Recession Indicators

Wouldn’t it be great to know ahead of time when a recession is coming? Despite the impossibility of pinpointing the exact start of a recession, there are some generally reliable signals worth watching.

There are many factors that contribute, predict, or indicate an impending recession. What we know is that the primary driver of the next cycle will likely be very different from what propelled previous recessions. The best we can do is examine various segments of the economy in search of excesses and imbalances. Keeping in mind that any indicator should be viewed more as a mile marker than a distance-to-destination sign.

The chart below shows five economic indicators that can warn of a recession, the average number of months between the signal and the start of a recession, and the status of the indicator.

An inverted yield curve, which occurs when ten-year yields fall below two-year yields, is a classic and well-publicized indicator. It generally precedes a recession by an average of 14.5 months. That its current status is showing as red indicates that this threshold has been met.

Rising unemployment is another key indicator that typically flashes a warning sign about 5.6 months before the onset of a recession. This signal has yet to turn down and as such, is showing green.

If consumer confidence declines from the previous year, that indicates a recession trajectory with a lead time of 2.9 months. This threshold has been met and is flashing red.

Another key indicator is that Housing starts decline by at least 10% from the previous year, with an average lead time between this signal and a recession of 5.3 months. To date, the current status of this signal does not indicate a recession.

The Leading Economic Index (LEI) is a composite indicator that includes the performance of the stock market. If the LEI has declined by at least 1% that tends to signal a recession is imminent. It will often precede the onset of a recession by 3.6 months and, at this point, this threshold has not been met.

Recession Proofing Your Portfolio

If you accept that stocks do not fare well during a recession, one should sell equities and raise cash to weather the recessionary storm. The problem with that approach is that one must be able to time the market. Even if you were able to sell stocks before the recession begins, at what point do you buy back into equities to take advantage as the economy begins to rebound.

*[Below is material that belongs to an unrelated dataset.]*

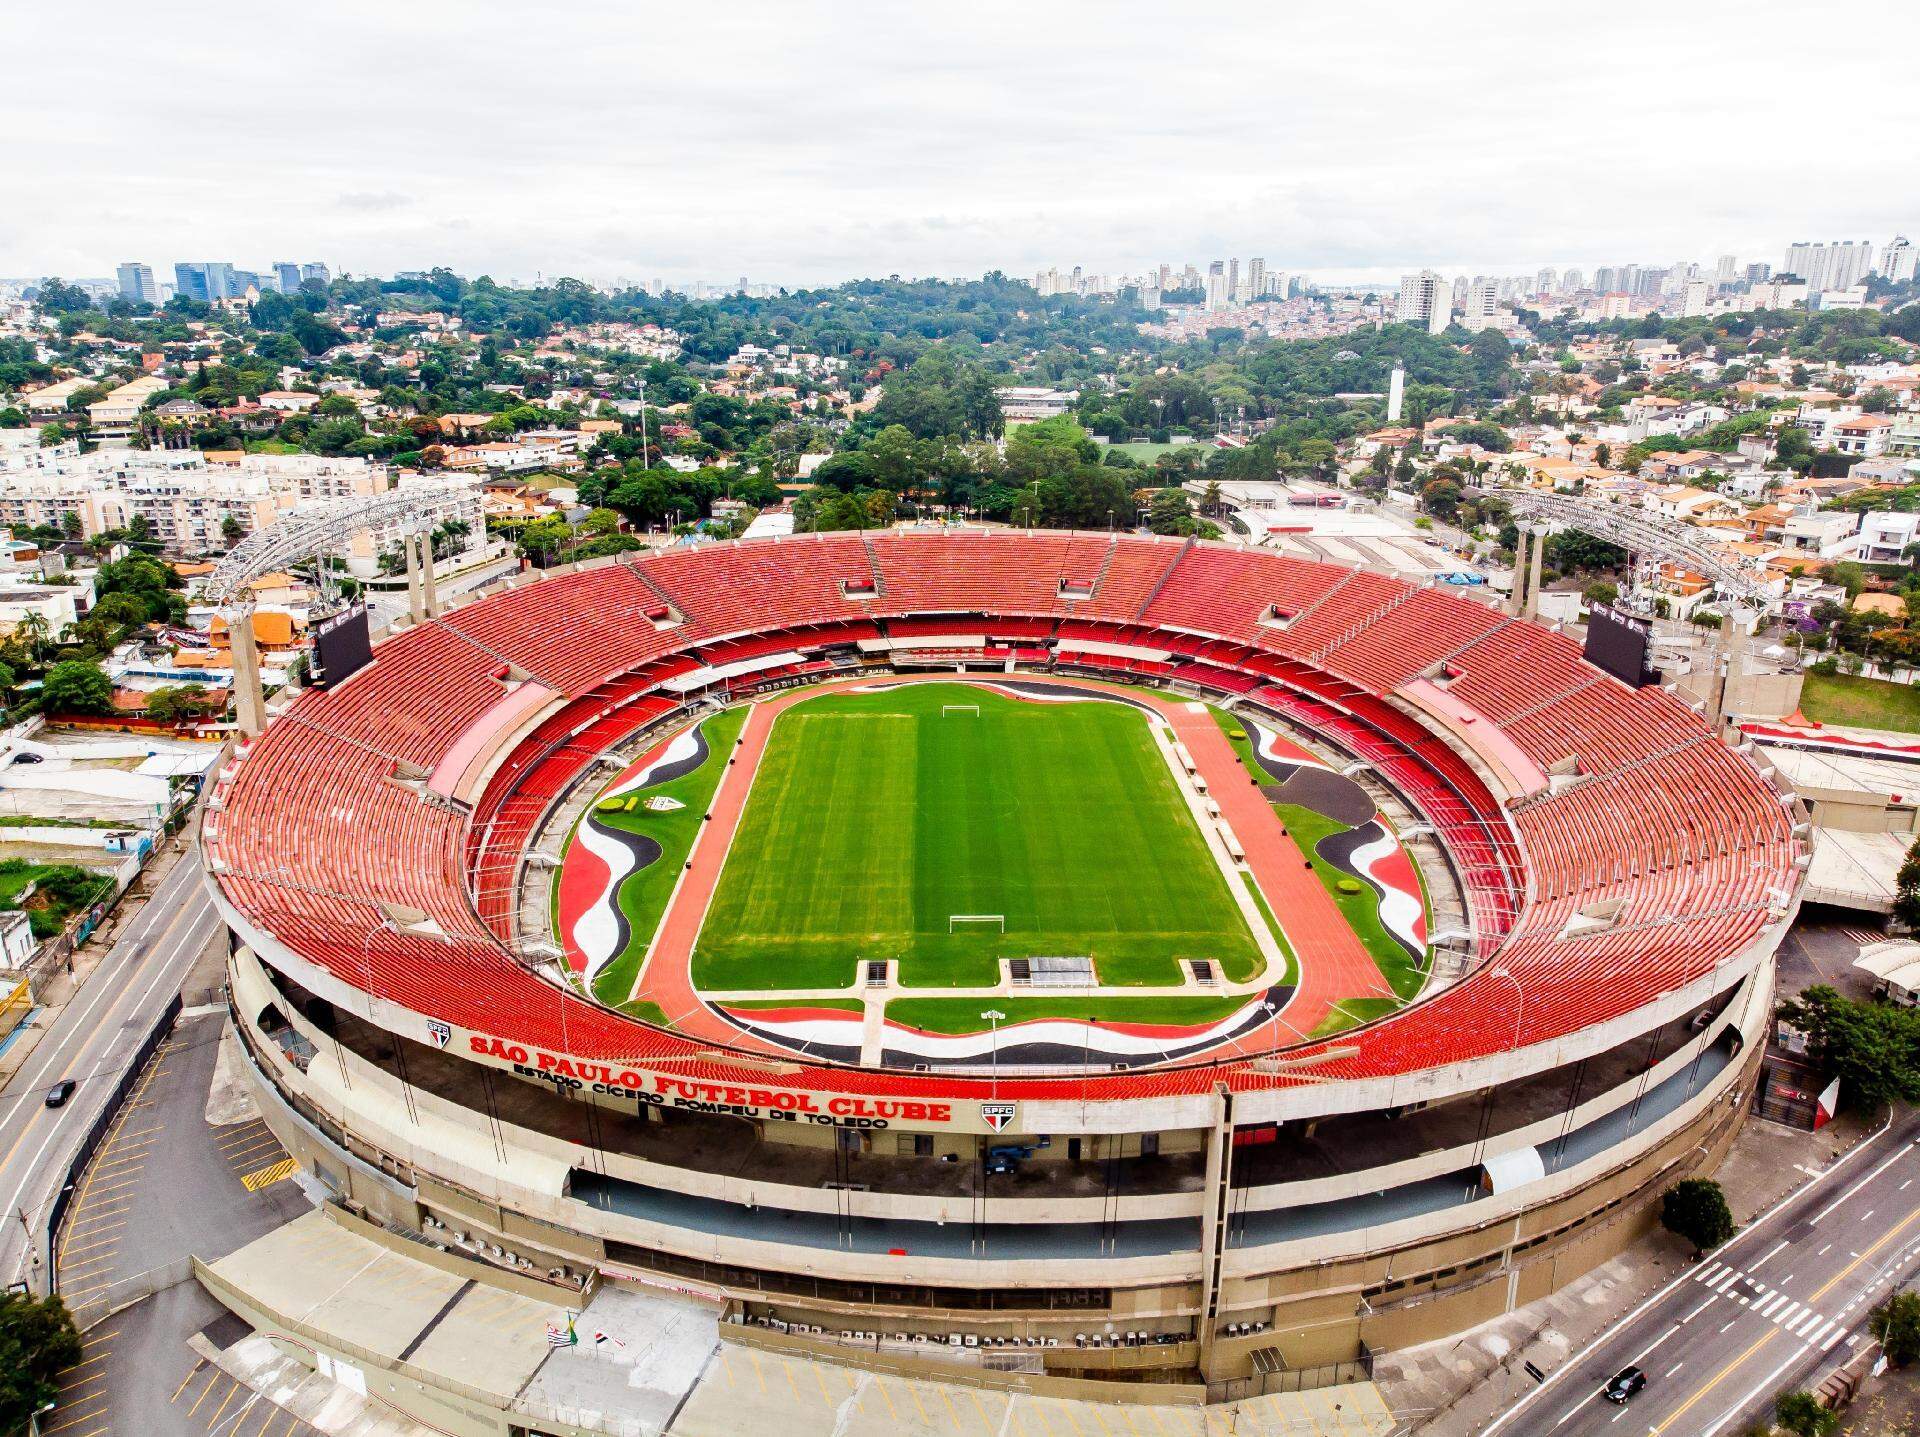 Terça de futebol tem jogos da seleção e também da Copa do Brasil - Esportes  - Campo Grande News

Sounds good in theory, but in practice is almost impossible to execute.

A better model is to re-balance the portfolio across asset classes – by, for example, reducing equity stakes in sectors that historically have not done well during a recession and replacing those positions with an allocation to fixed income securities (i.e., bonds and preferred shares).

The chart below shows how many times each of the sectors in the S&P 500 have outpaced the index during the most recent ten market declines between 1987 and 2022. As you can see, consumer staples, utilities and health care were the outperformers while IT, Financials and Industrials were the under-performers.

Adjusting Fixed Income Allocations for A Recession

Fixed income is often key to successful investing during a recession or bear market. That’s because bonds can provide an essential measure of stability and capital preservation, especially when equity markets are volatile.

What makes the current environment unique is the fact that during the 2022 sell-off bonds did not provide the diversification benefits that they typically provide to dampen portfolio volatility. However, in the seven previous market corrections, bonds — as measured by the Bloomberg U.S. Aggregate Index — rose four times and never declined by more than 1%. The chart below shows returns for the Bloomberg U.S. Aggregate Index versus the S&P 500 Index during nine recent stock market corrections.

Achieving the right fixed income allocation is always important but, with the U.S. economy entering a period of uncertainty, it’s especially critical for investors to focus on core bond holdings that can provide balance to portfolios. That’s why we have been increasing our bond allocations to bolster stability ahead of a recession. Maintaining a portfolio asset mix that is well diversified between equities, fixed income and cash is key to managing your investments through the uncertainty that resonates from an impending recession.